Ecrire et faire aimer l'histoire

Histoire Pour Tous N° 70 : L’exécution de Mata-Hari, vu et écrit par le Docteur Léon Bizard

Les derniers instants de Mata-Hari

 

Mata-Hari, album Reutlinger de portaits divers – source : Gallica-BnF

En 1934, le médecin Léon Bizard (1872-1942) raconte l’exécution de la fameuse espionne, fusillée à Vincennes en 1917 pour intelligence avec l'ennemi.

Mata Hari, de son vrai nom Margaretha Geertruida «Grietje» Zelle, est née en 1876 à Leeuwarden, aux Pays-Bas. Après avoir vécu quelque temps avec son mari et leurs deux enfants à Java, elle retourne en Europe où elle devient danseuse exotique et courtisane. Ses conquêtes et son mode de vie flamboyant lui valent la célébrité.

C'est en 1916 qu'elle devient espionne pour le compte des Services Secrets Français, sa nationalité Néerlandaise lui permettant de franchir librement les frontières d'une Europe alors déchirée par la guerre. Mais le 13 février 1917, elle est arrêtée à Paris par l'armée Française : on l'accuse d'intelligence avec l'ennemi. Les mutineries se multiplient au front et la France exige des coupables. Après un procès sommaire qui la désigne comme l'agent Allemand « H-21 », elle est condamnée à mort. Elle sera fusillée le 15 octobre, à Vincennes.
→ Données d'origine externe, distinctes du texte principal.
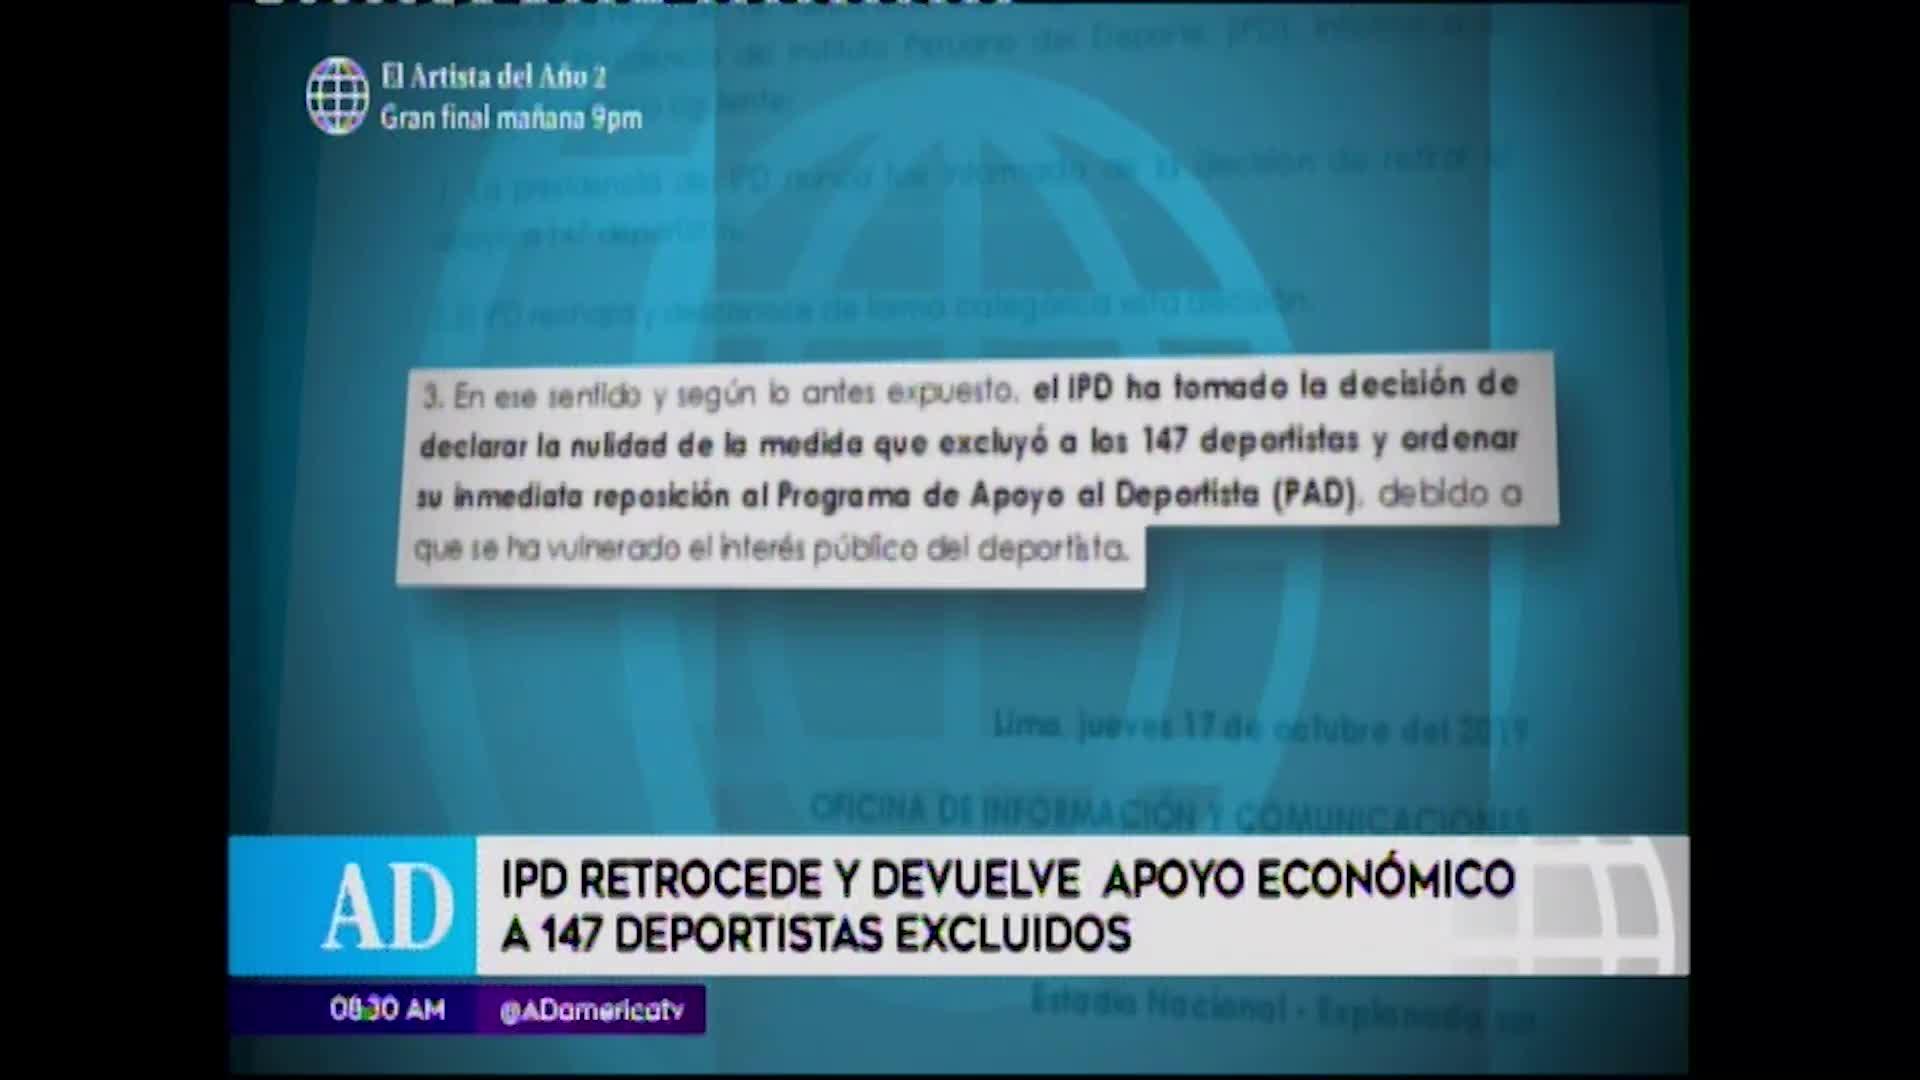 IPD devuelve apoyo económico a deportistas peruanos
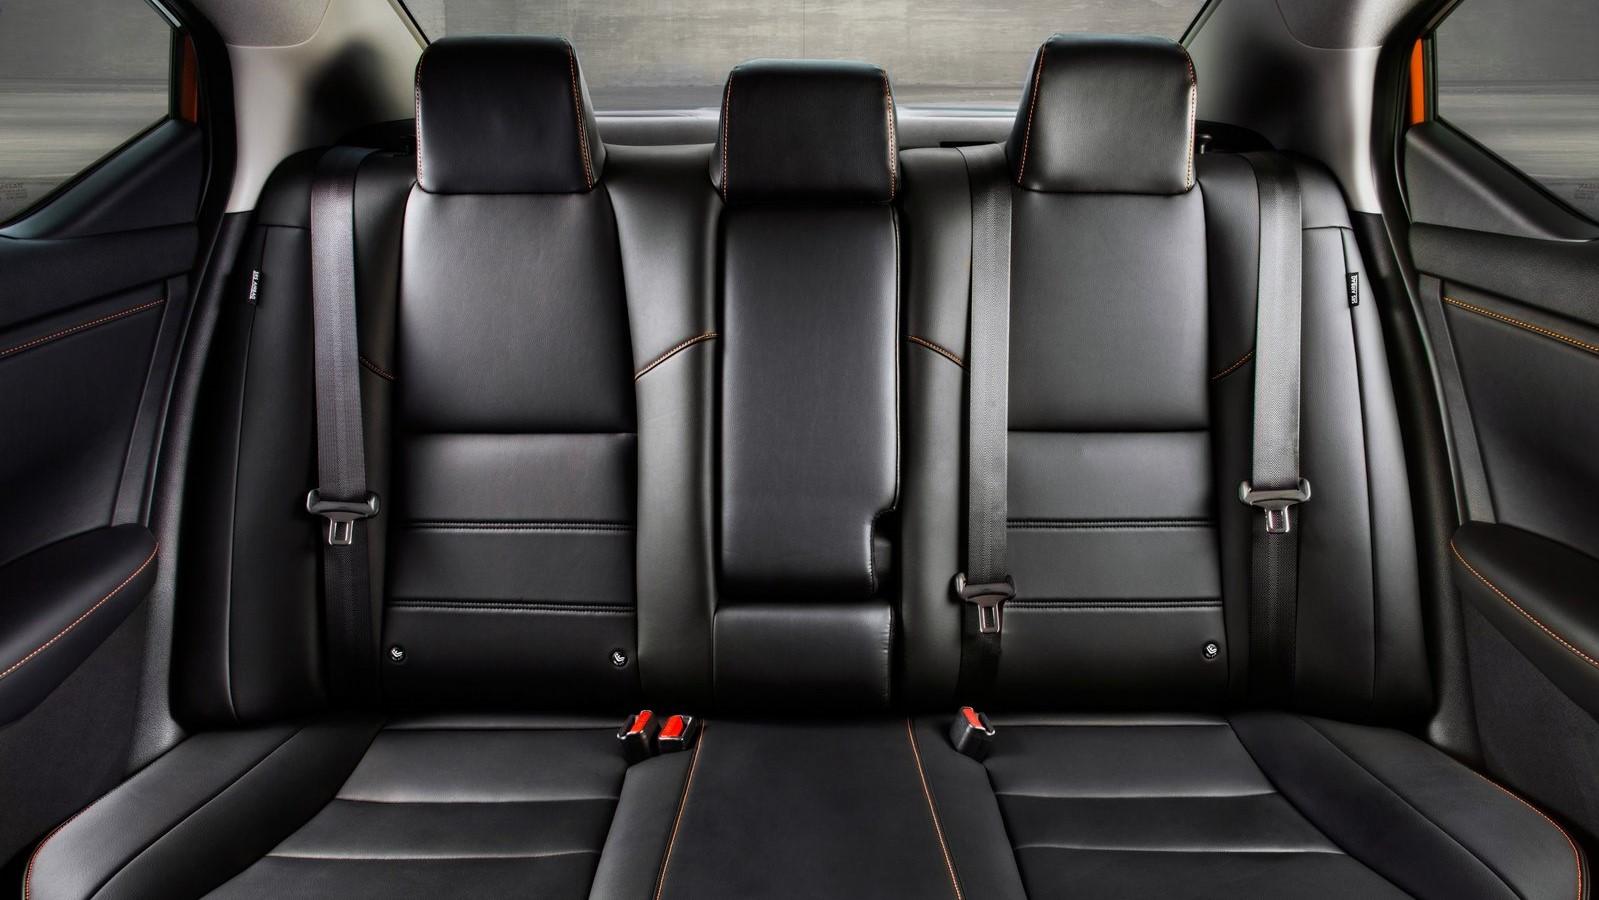 La cabina del Nissan Sentra 2020 mejora de forma notable en la calidad de la construcción y los materiales

Pendant ses huit mois de détention, Léon Bizard, médecin-chef de la préfecture de police, lui a rendu visite chaque jour dans sa cellule. Il a aussi assisté à ses derniers moments : en 1934, il les raconte dans Paris-Soir du 19 septembre 1934.

Voici l’article du Paris-Soir :

L’article du Paris-Soir du 19 septembre 1934

« La vie et la mort de Mata-Hari n’ont pas fini de susciter des commentaires et des polémiques.

Voici que maintenait qu’à la suite de la puplication d’un livre écrit par un Hollandais, compatriote de la « danseuse rouge », les journaux outre-atlantique puplie sur l’espionne célèbre de soi-disant « révélations », au cours desquelles oms exploitent surtout longuement l’histoire de sa fin romanesque à la Carponnière de Vincennes, telle que l’imaginèrent certains romanciers et auteurs dramatiques dont la thèse prévalut jusqu’à aujourd'hui.

Il nous a semblé intéressant, pour rétablir un point d’histoire, de demander à la seule personne qui puisse apporter un témoignage incontestable sur les derniers moments de Mata-Hari de conter dans nos colonnes l’exacte vérité sur son exécution.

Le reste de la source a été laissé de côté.